We constantly had blackouts when I was growing up, I think this is why I insist on having so many candles in the house (not that I can ever find the matches), you never know when those lights may go out!

I'm enjoying this tremendously, Doug. What an amazing experience a blackout in NYC would be. I can't even imagine what a different vibe the city would take on...peaceful but slightly post-apocalyptic?

Thanks so much brother! Yes that’s exactly how i imagine it!

Wounderful story @dougkarr .

I love that really great story , you are a great man .

Upvote you . I always try to follow your post .

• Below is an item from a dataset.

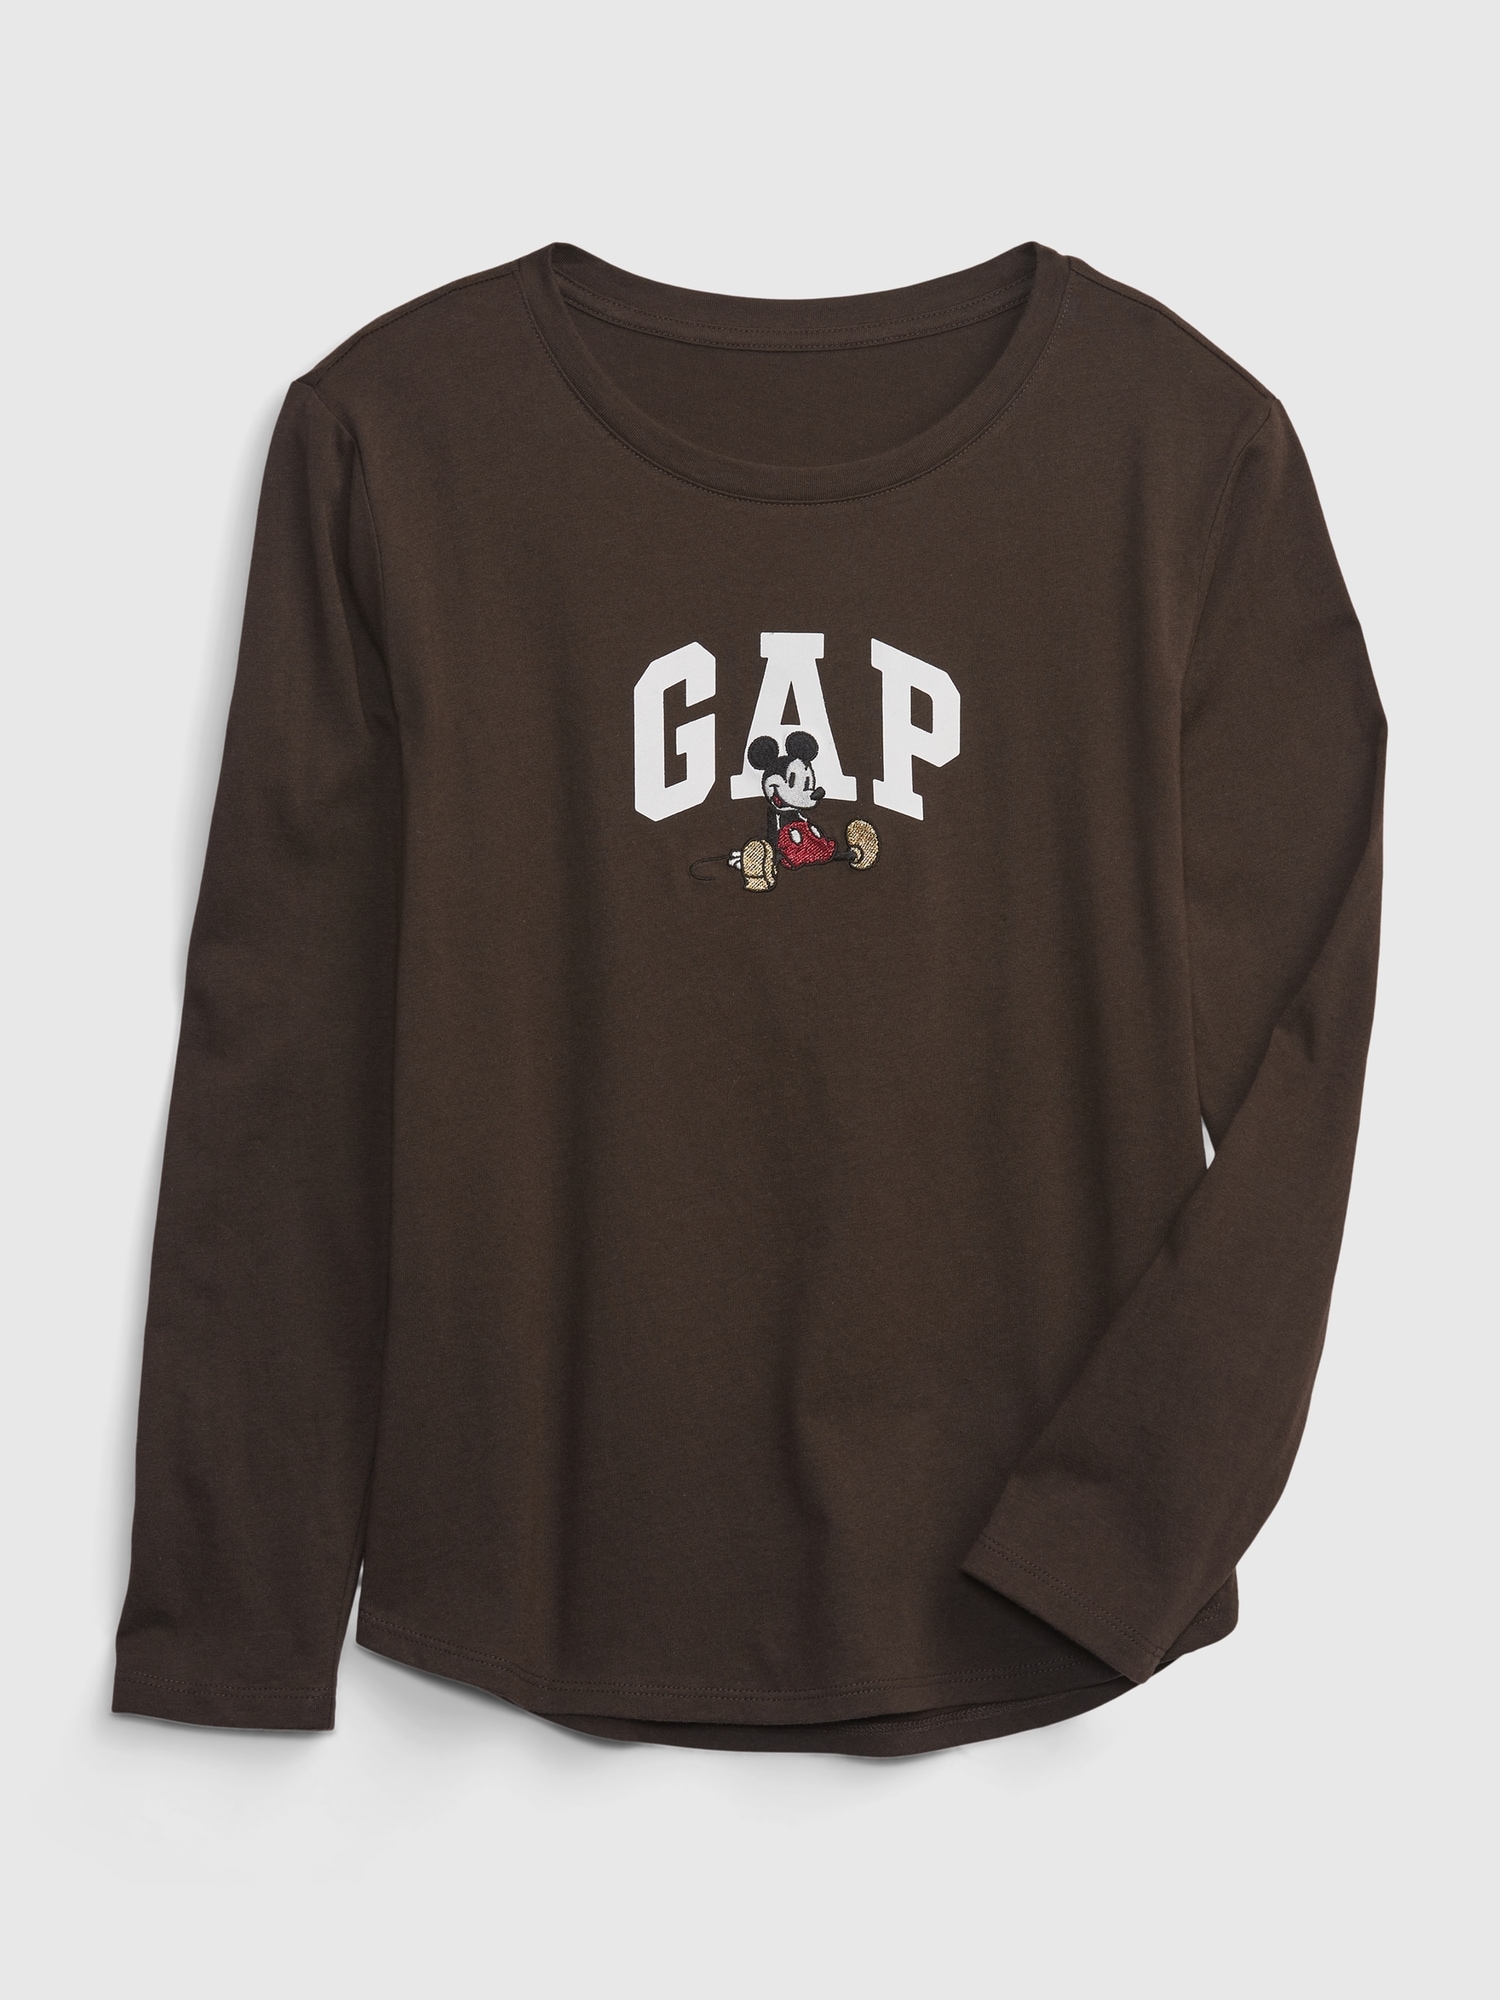 Gap ディズニー オーガニックコットン100% グラフィックtシャツ (キッズ)

Thank you for sharing @dougkarr

@dougkarr I am also working on a story , i m content creator , pretty young writer as well , should i post my last chapter of the story here?

Probably. Define here?

@dougkarr, I tell you basically you're a speedy writer in steem blockchain. Yesterday wrote before chapter and now wrote twenty eighth chapter. I'm wondering to reading your amazing thoughts and conversations included here. Ndusen acted awesome character there. Please give me sometime for read again coz definitely hardest way to reading with my working.

love to read it.

Wonderful story..@dougkarr. outstanding Chapter TWENTY-EIGHT: Appeal to Reason. thank you for your great effort and sharing with us.following you and upvoted.

Exactly very creative and nice to reading these novel. You have powerful thoughts for wrote it and included there @dougkarr. Pretty awesome support get you from hard work. Wish your successs very well.